### Aim of the exercise
Output must consist only of the lines of the material below from the one with "Arrowline Slate Roofing" through the one with "heating crayons on", each reproduced exactly; no pictures belong in it.

### Records for the exercise
______

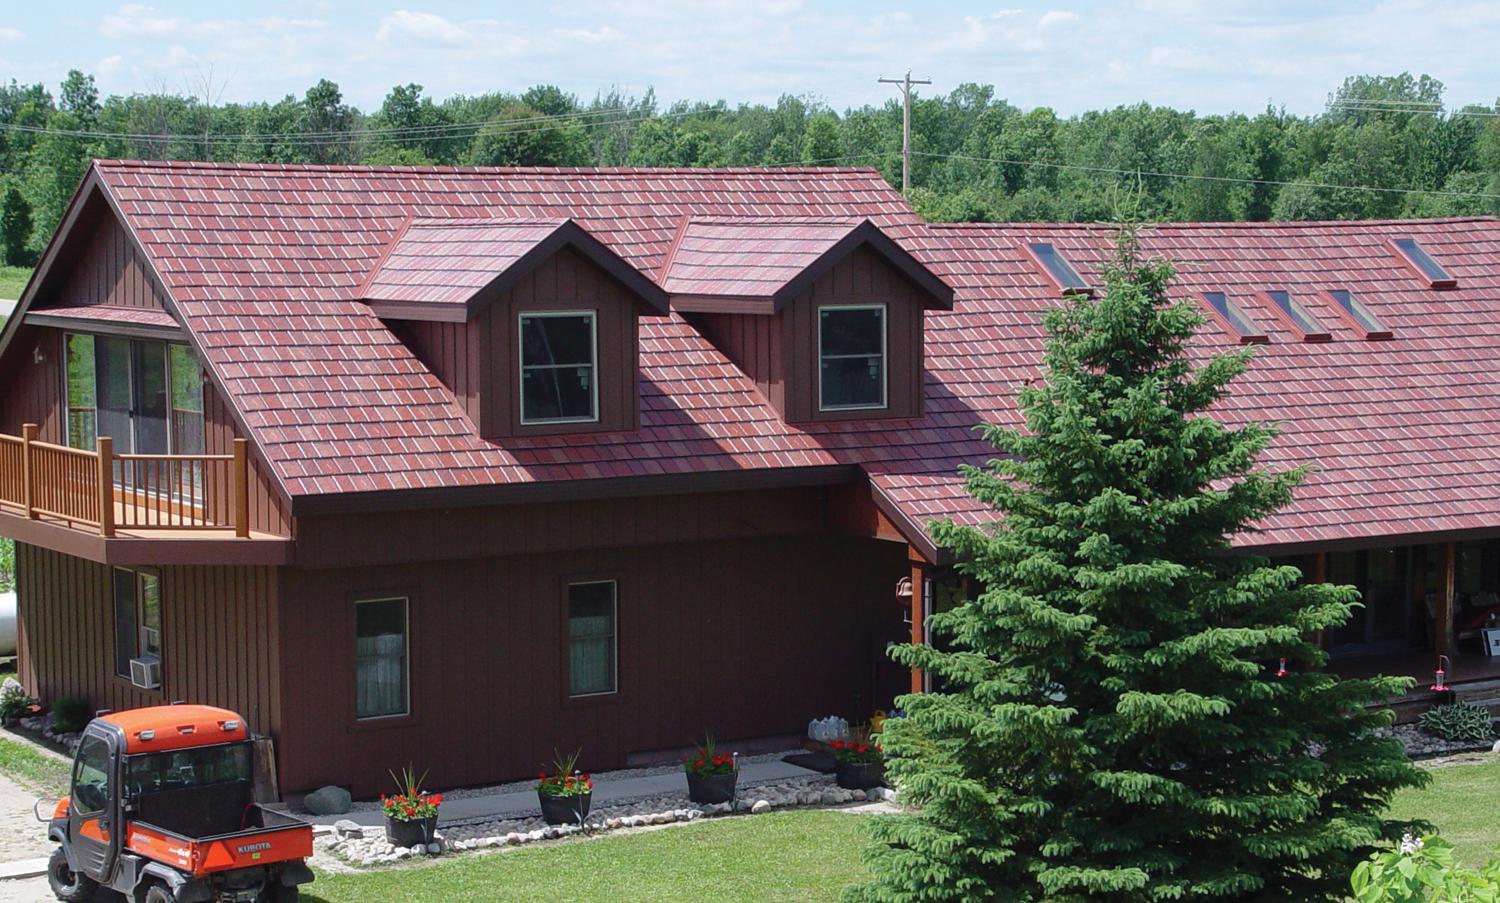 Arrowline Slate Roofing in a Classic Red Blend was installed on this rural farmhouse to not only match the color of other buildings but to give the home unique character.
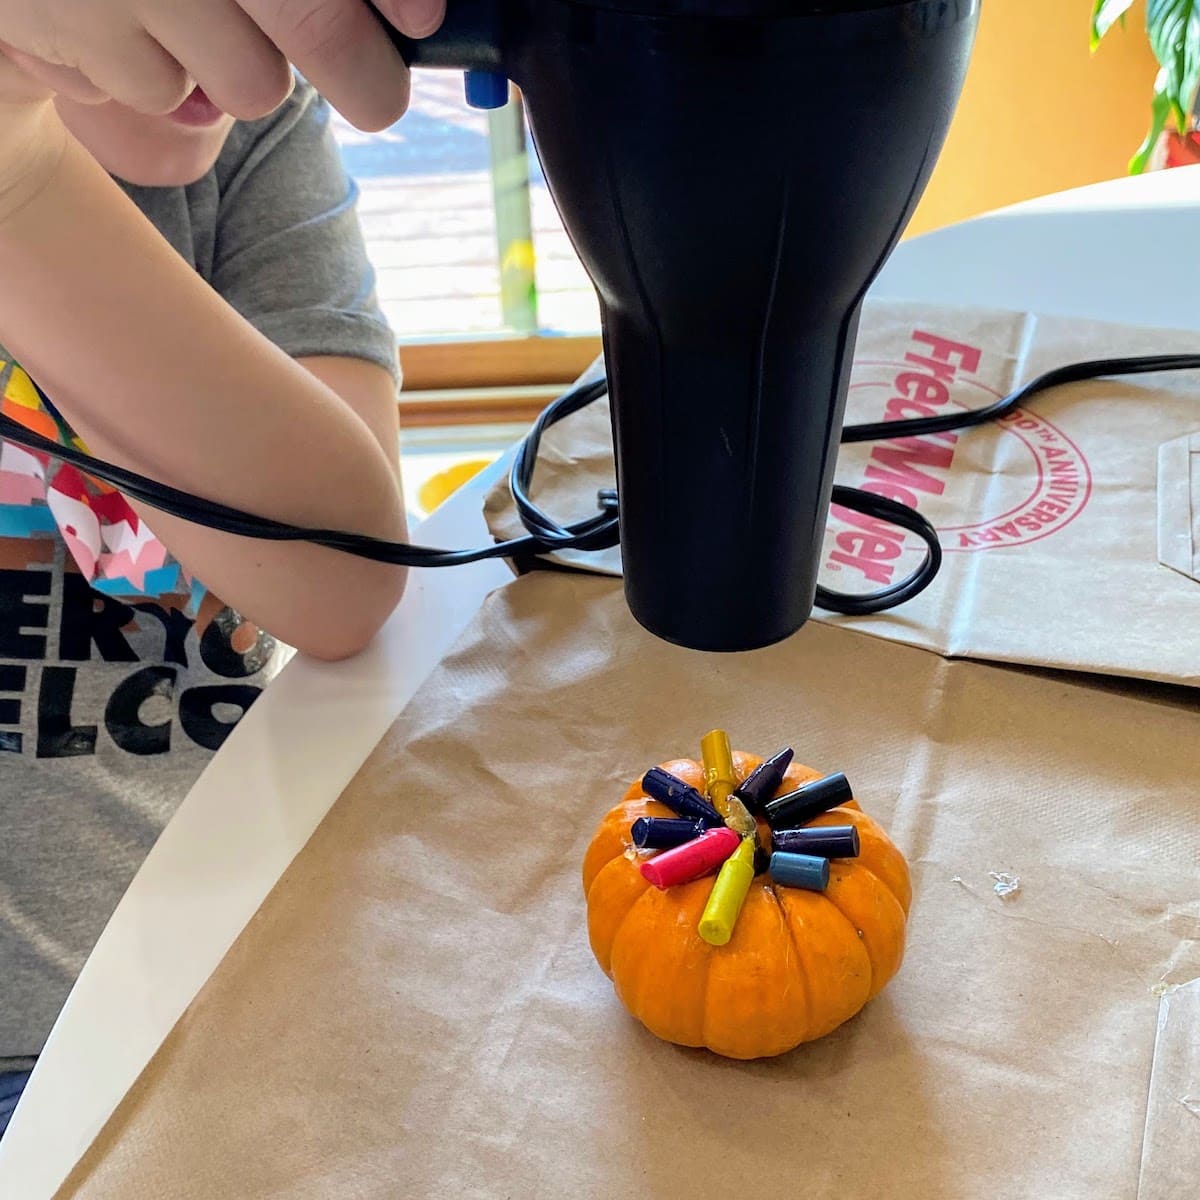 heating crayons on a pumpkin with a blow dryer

______

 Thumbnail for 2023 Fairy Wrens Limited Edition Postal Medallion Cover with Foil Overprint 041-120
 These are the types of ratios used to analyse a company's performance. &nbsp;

______

### Expected answer
 Arrowline Slate Roofing in a Classic Red Blend was installed on this rural farmhouse to not only match the color of other buildings but to give the home unique character.
 heating crayons on a pumpkin with a blow dryer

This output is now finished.